Washington, 2 jun (EFE).- El presidente de Estados Unidos, Donald Trump, firmó este martes una orden ejecutiva sobre inteligencia artificial (IA) que, entre otras disposiciones, permitirá al Gobierno estadounidense probar y potencialmente vetar nuevos modelos de lenguaje antes de que estén disponibles al público, con el objetivo de garantizar la seguridad nacional.
Detalles de la orden ejecutiva
Trump decidió en el último momento posponer la firma de esta orden, cuya rúbrica estaba prevista para el pasado 21 de mayo, porque señaló que no quería que perjudicara el liderazgo de las grandes empresas estadounidenses en este ámbito. La medida, adelantada por diversos medios, sostiene que la IA fortalece al país, pero a su vez introduce "nuevas consideraciones de seguridad nacional que requieren una acción coordinada entre los departamentos y agencias del poder ejecutivo".
Acciones coordinadas para la ciberseguridad
Se cree que el decreto insta a entidades como la Oficina del Director Nacional de Ciberseguridad, que forma parte de la Casa Blanca y coordina temas de ciberseguridad para todo el Gobierno, así como a otras agencias, a reforzar las defensas de ciberseguridad nacionales para infraestructura crítica y a desarrollar un proceso para preevaluar distintos aspectos de seguridad de los nuevos modelos de IA.
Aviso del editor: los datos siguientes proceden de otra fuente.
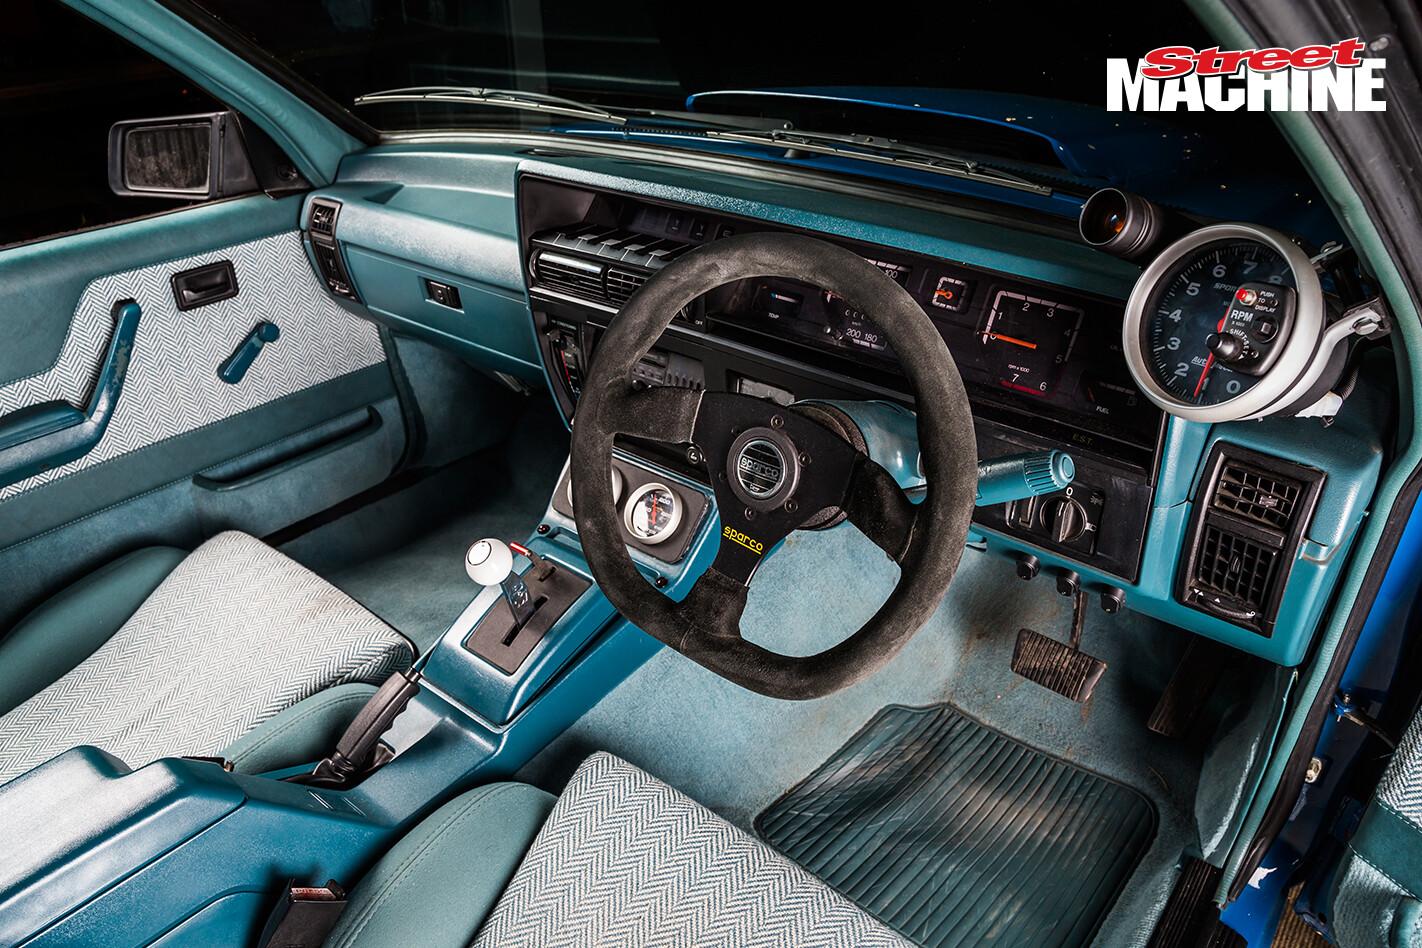 Holden VK Commodore HDT Brock Blue Meanie LSA 10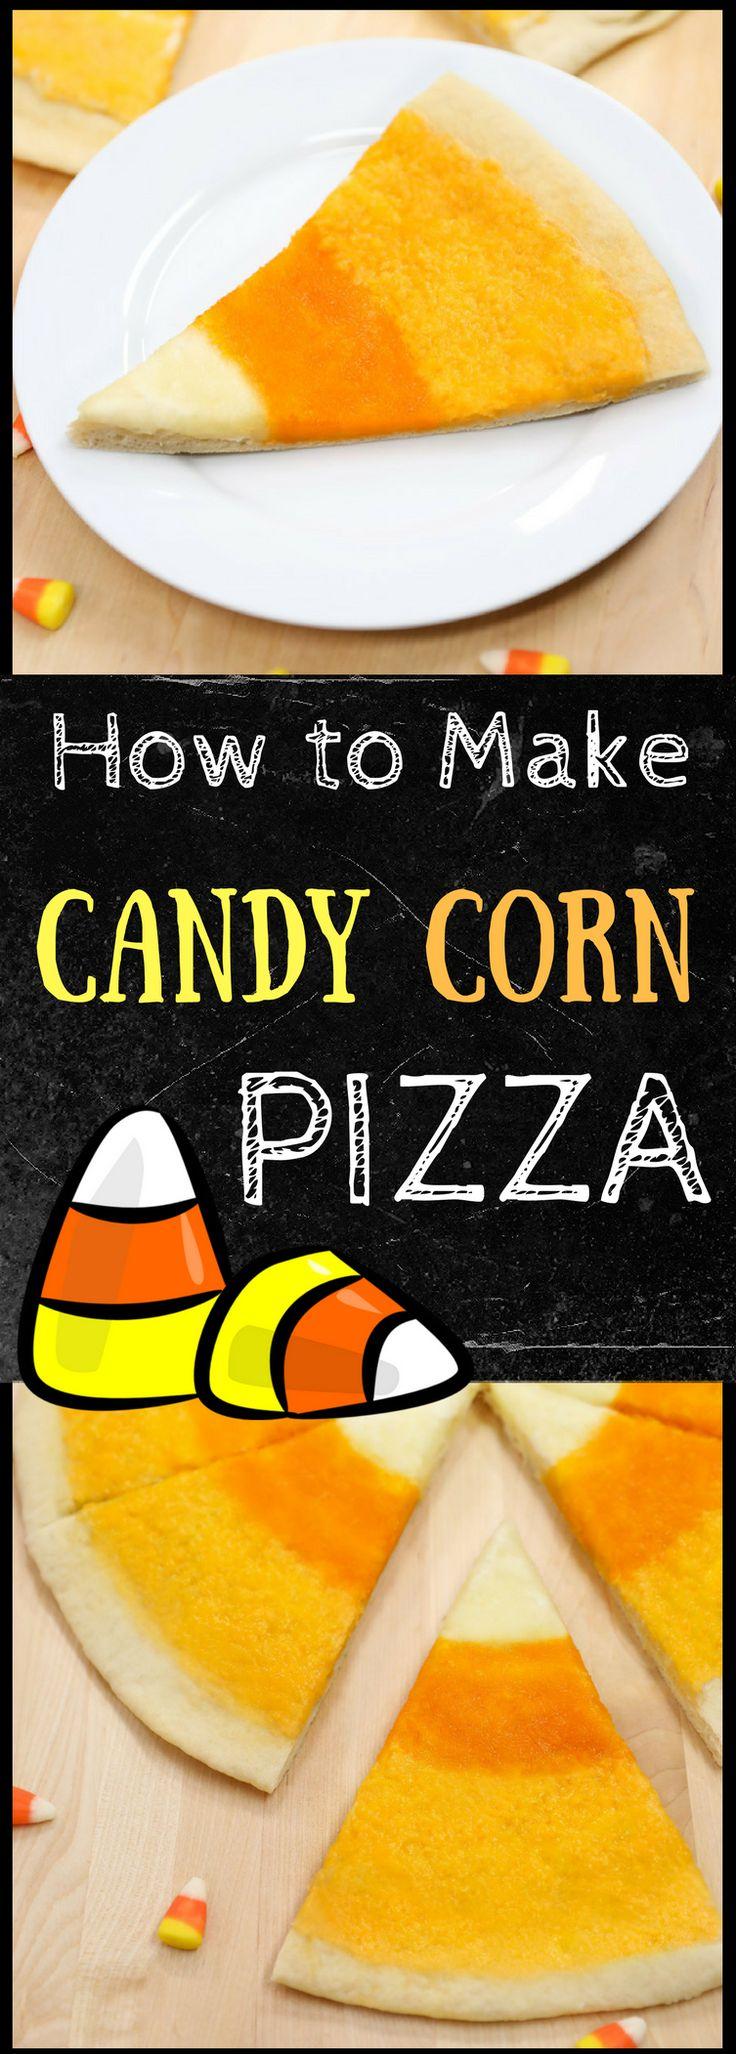 Candy Corn Pizza Recipe: 3 Cheeses

Cambios y nivel de colaboración
Por el momento, se desconocen los cambios exactos introducidos en la orden enmendada con respecto al texto cuya firma se canceló en mayo, así como los detalles concretos sobre el nivel de colaboración que deben tener las principales empresas estadounidenses de IA. No obstante, de acuerdo con las palabras de Trump, se estima que el texto sería más laxo en lo que respecta a las obligaciones de gigantes como Anthropic, Google o OpenAI.
Esta medida refleja la creciente preocupación del gobierno estadounidense por los riesgos de seguridad asociados con el rápido avance de la inteligencia artificial, buscando un equilibrio entre la innovación y la protección nacional.